Data shown:
════════

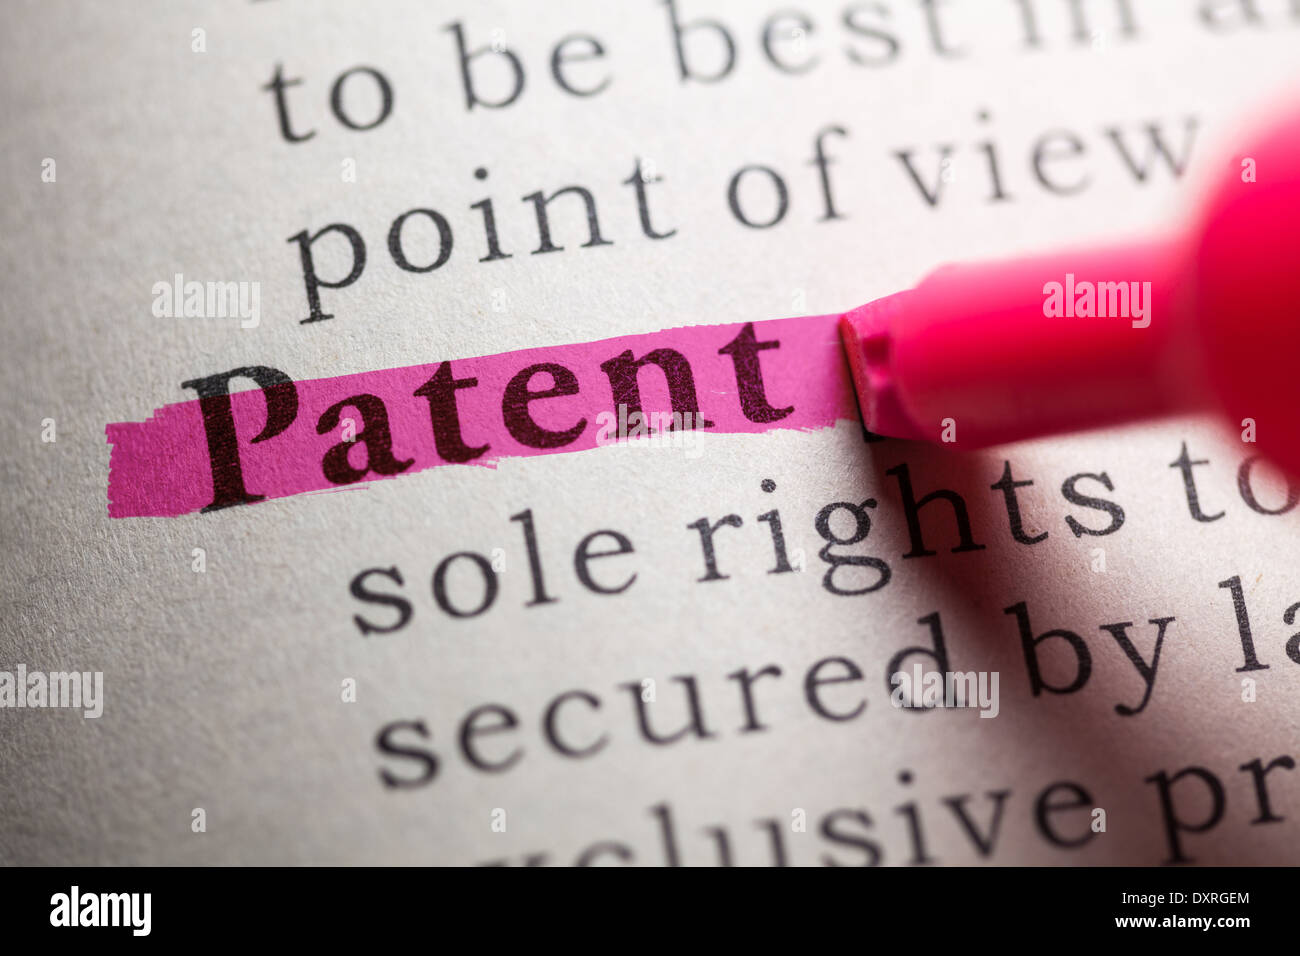 Diccionario de falsos, la definición de la palabra "patente. Foto de stock
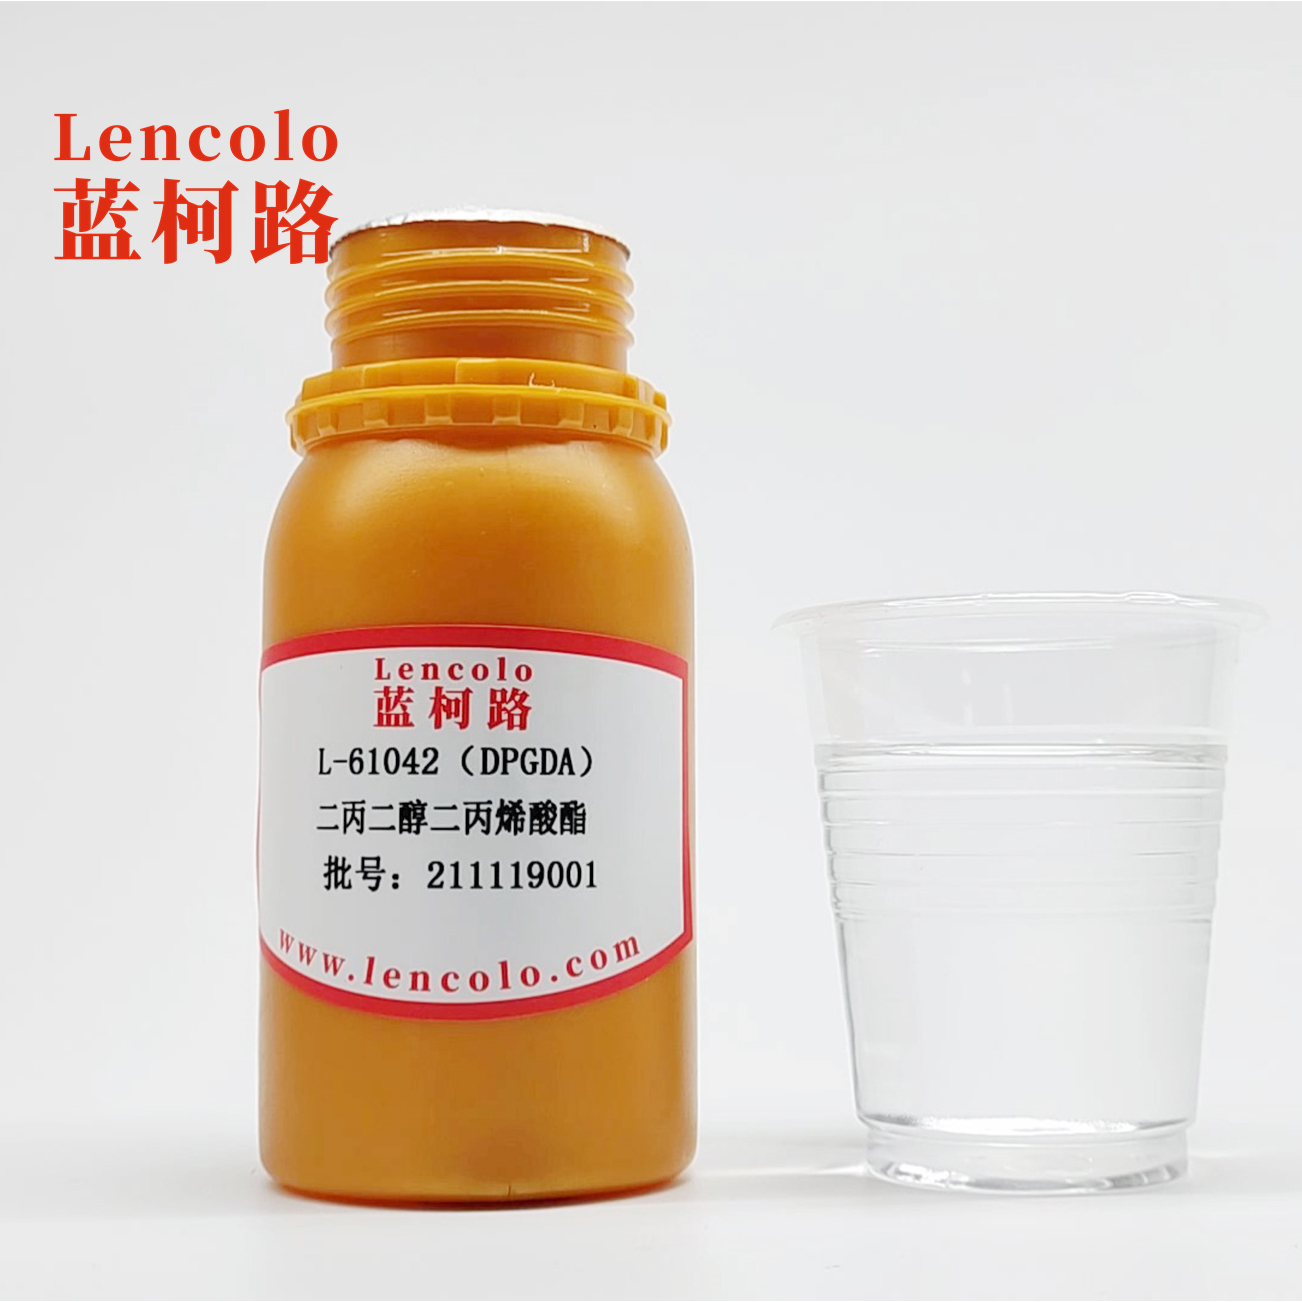 L-61042 (DPGDA) Dipropylene Glycol Diacrylate
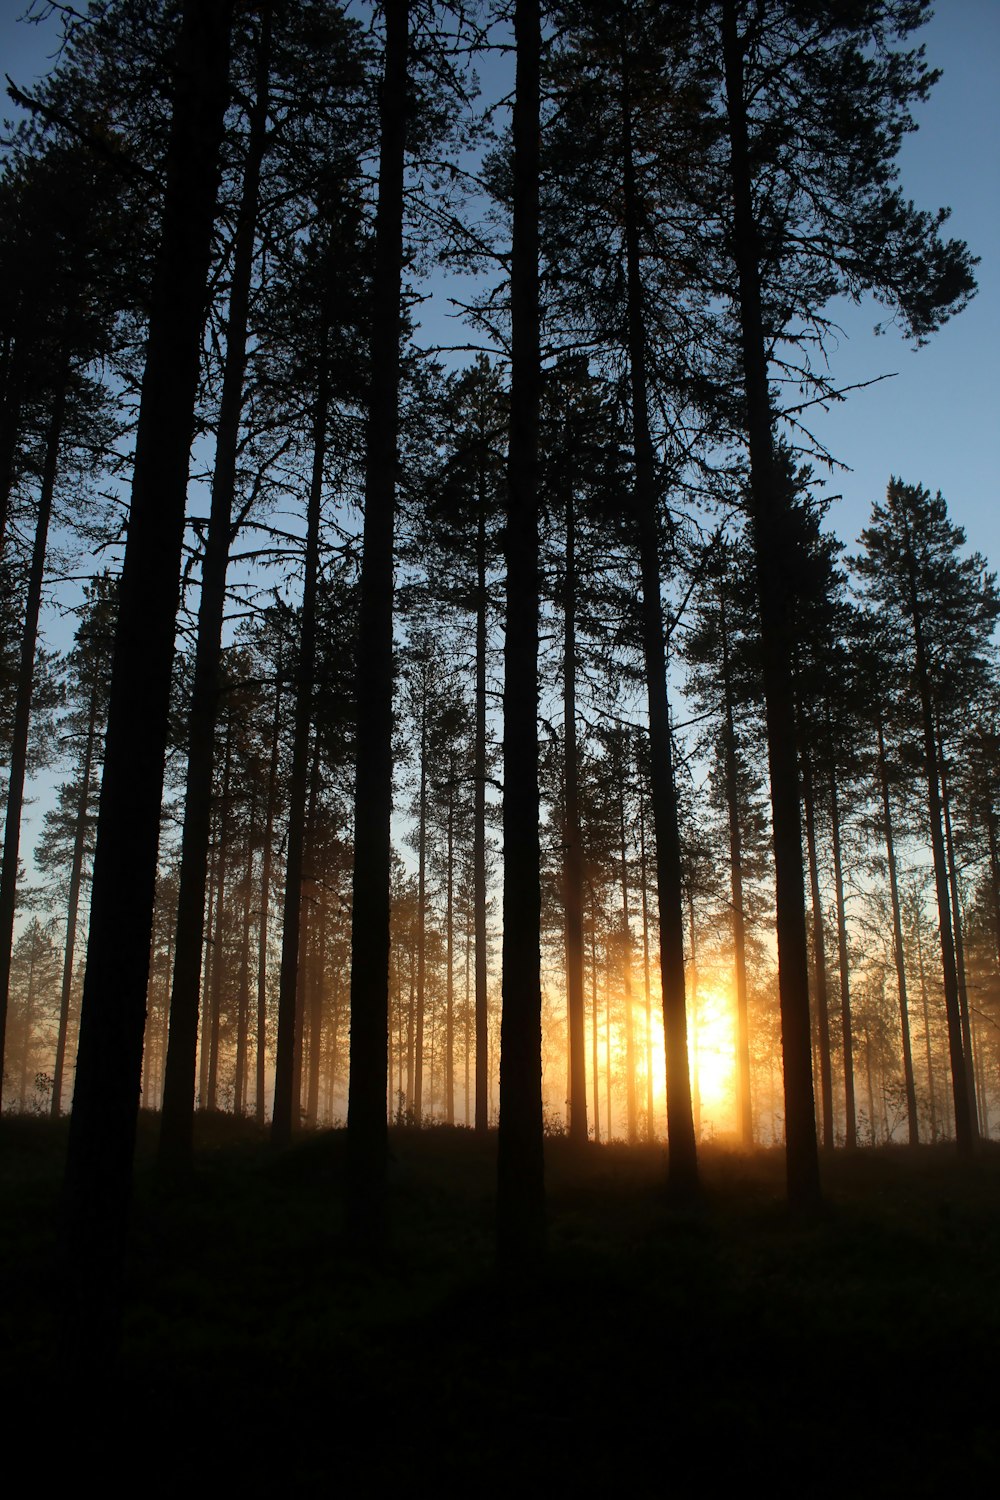 Silueta de árboles durante la puesta del sol

════════

Aim of the exercise:
Begin with the line holding "L-61042 (DPGDA) Dipropylene" and end with the last line of the listing. Reproduce each of those lines exactly, and leave every picture out.

Solution for this problem:
 L-61042 (DPGDA) Dipropylene Glycol Diacrylate
 Silueta de árboles durante la puesta del sol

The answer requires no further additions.